The School of Marine Sciences welcomes you to our site and encourages you to join our mission to develop scientific understanding of the marine environment that is Maine’s heritage, to integrate and communicate that knowledge through interdisciplinary undergraduate and graduate studies, and to apply it toward stewardship of sustainable marine resources. Our back yard, the Gulf of Maine, is the cradle of North American marine sciences, where the systems thinking of Henry Bryant Bigelow converged on the biological diversity explored by pioneers such as William Stimson, Louis and Alexander Agassiz and Addison Emery Verrill and later melded with the Hutchinsonian tradition of quantitative ecosystem analysis in the works of Gordon Riley.
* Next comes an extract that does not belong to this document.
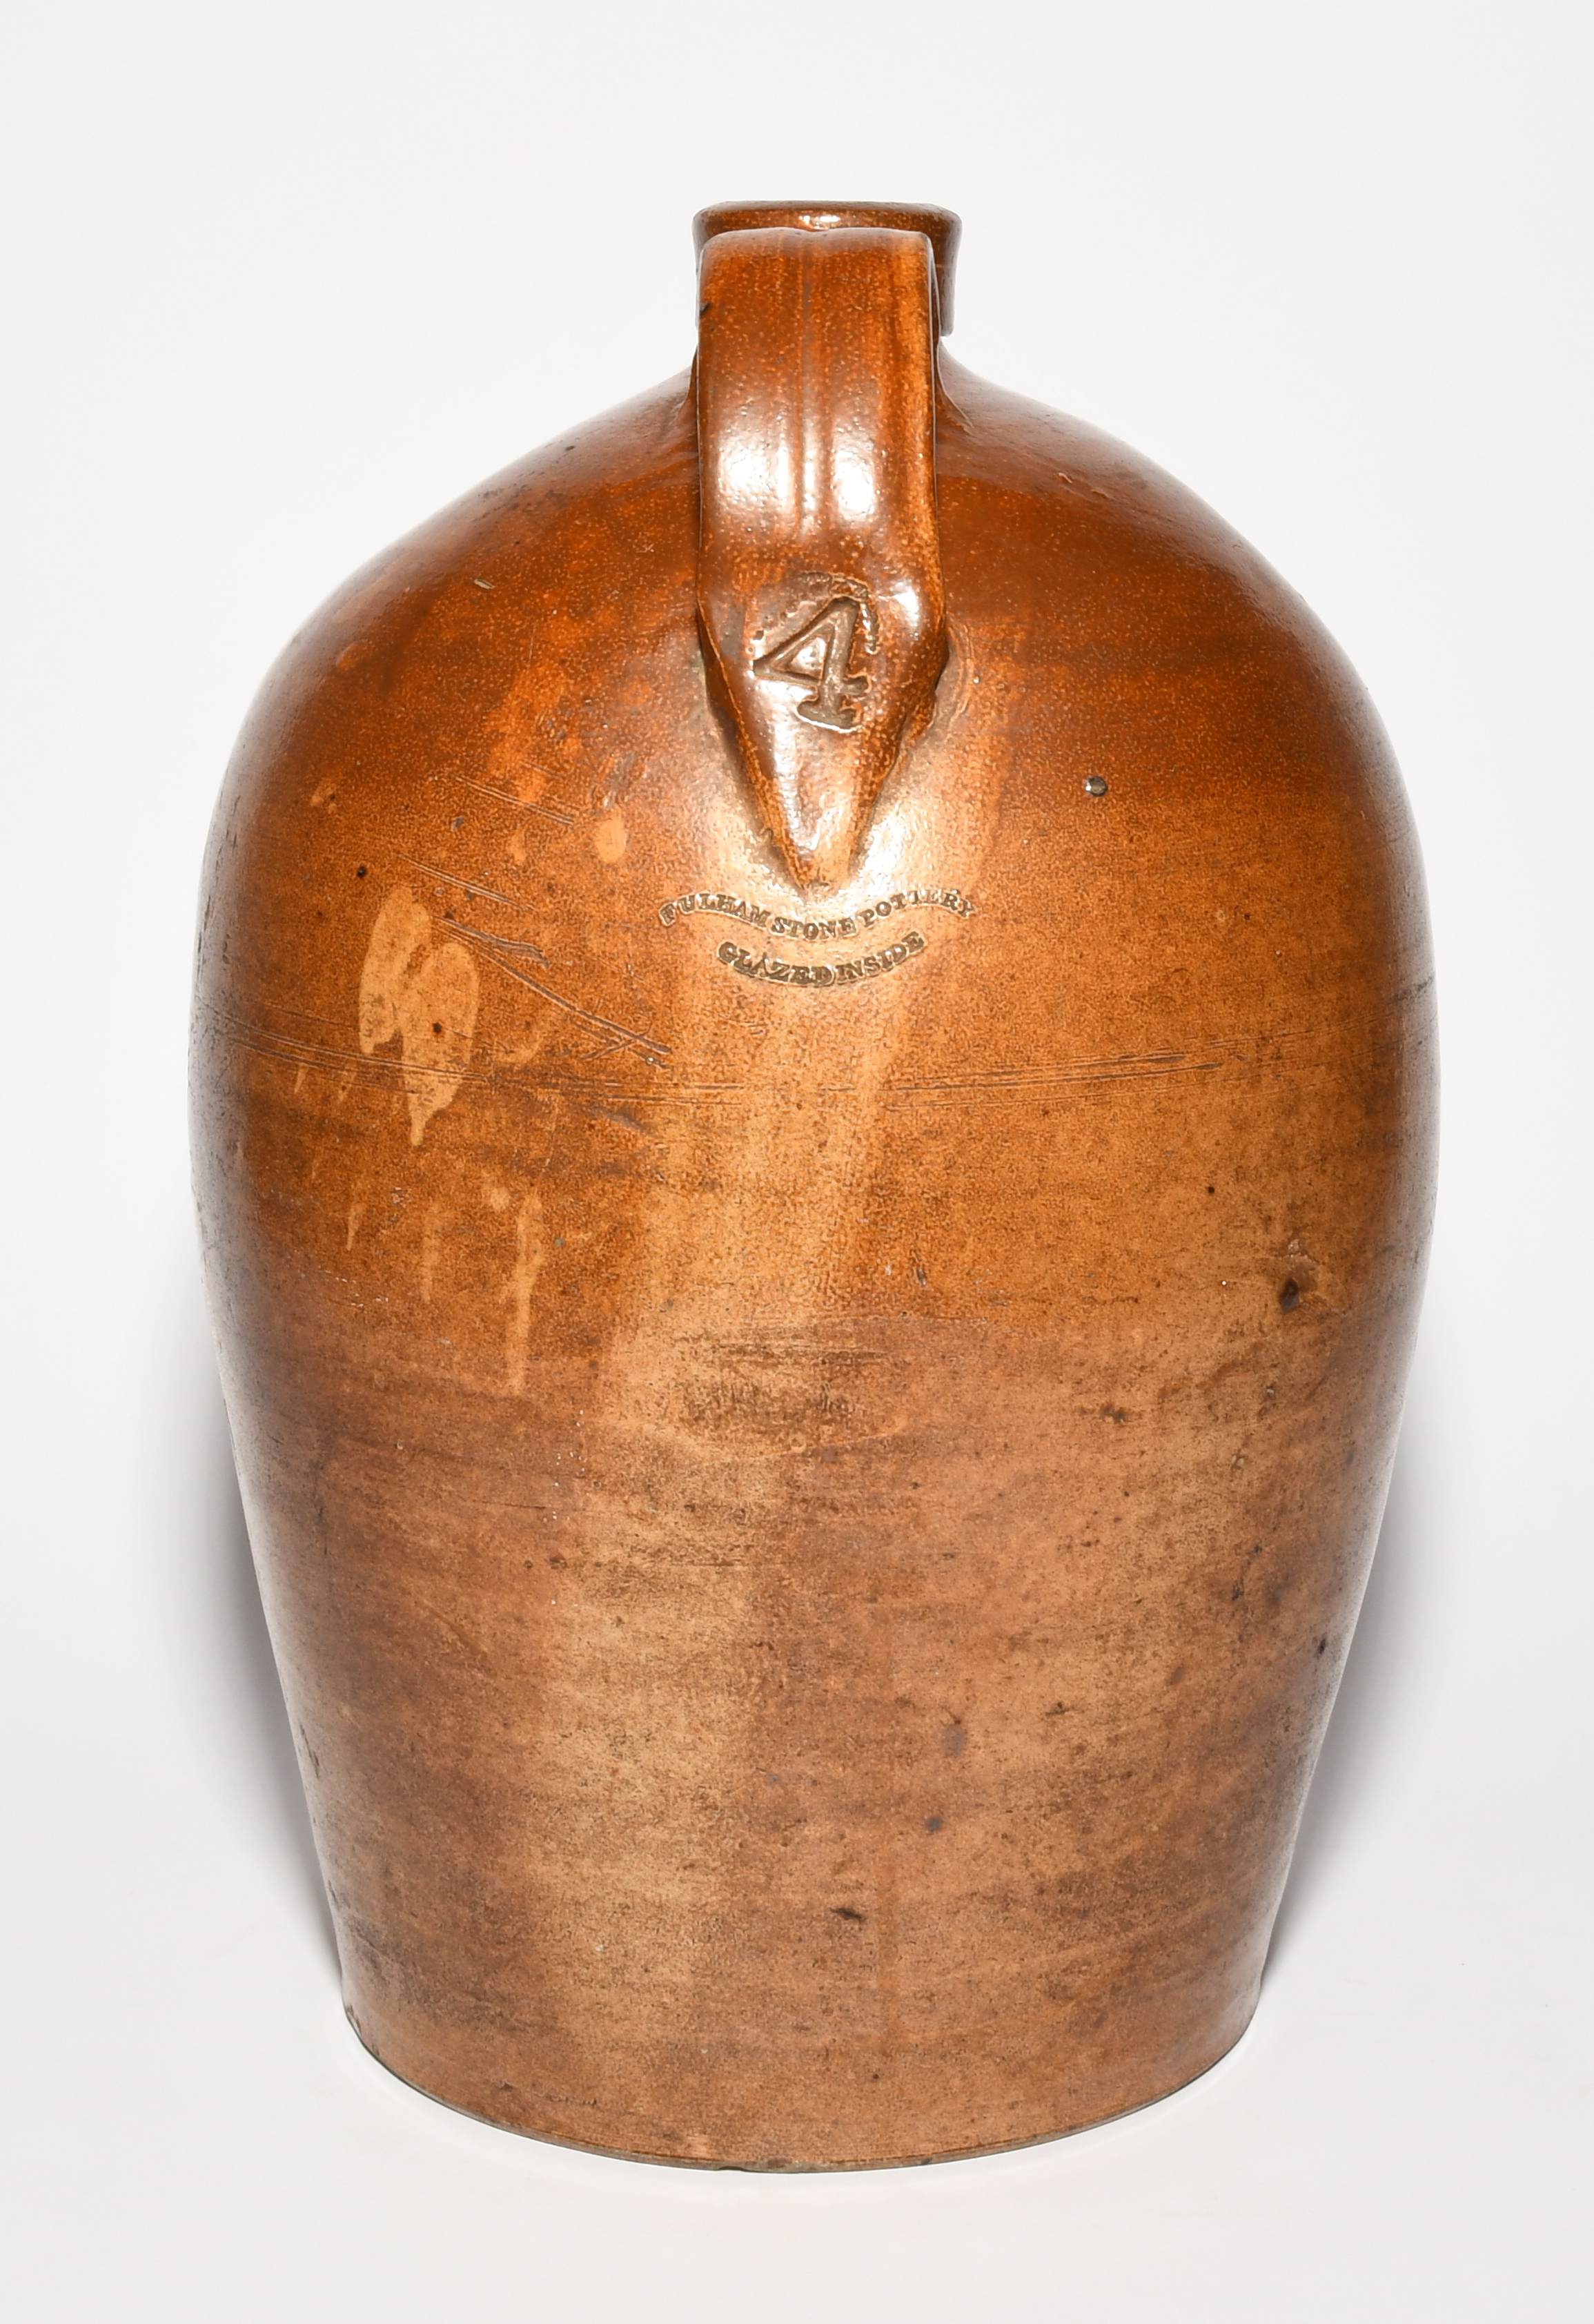 A large Fulham stoneware flagon or serving bottle, mid 19th century, of four gallon size, - Image 2 of 2

Times, methods and environments have changed. The School of Marine Sciences is the intellectual home of the Gulf of Maine Ocean Observing System (GoMOOS). We measure diversity genomically as well as with classic taxonomic keys. We observe with scientific diving methods, satellites, ships, buoys, floats, gliders, AUVs and cabled instruments. We synthesize with real-time, assimilative models. Despite these differences, we sustain the pioneers' passion for both scholarship and integration of marine sciences across the waterfront and all the depths beyond in terms of our expertise. Our faculty is well known for its research over a broad spectrum of marine studies from molecular biology and biotechnology to fisheries science, fisheries economics and anthropology, and from marine geology and coastal engineering to shellfish and finfish aquaculture, marine ecology and most aspects of oceanography. We don't stop with the science; we include the policy that uses it intelligently.
Marine sciences have entered an era of new problems and new solutions to old problems. Climate change and ocean acidification threaten Maine's and human kind's ocean heritage. Climate change itself cannot be understood without attention to the oceans, which store vastly more heat than can the more rarified atmosphere. Franklin D. Roosevelt and John F. Kennedy eyed tidal power in Maine. Their visions will be realized in modified form in Barack H. Obama's first term. Vast offshore wind resources will be harvested off Maine's coast within a decade. Micro- and macroalgae will be grown for biofuels and nutraceuticals. If you want to be prepared to participate in this future and the sound policy needed to manage it, you have come to the right place.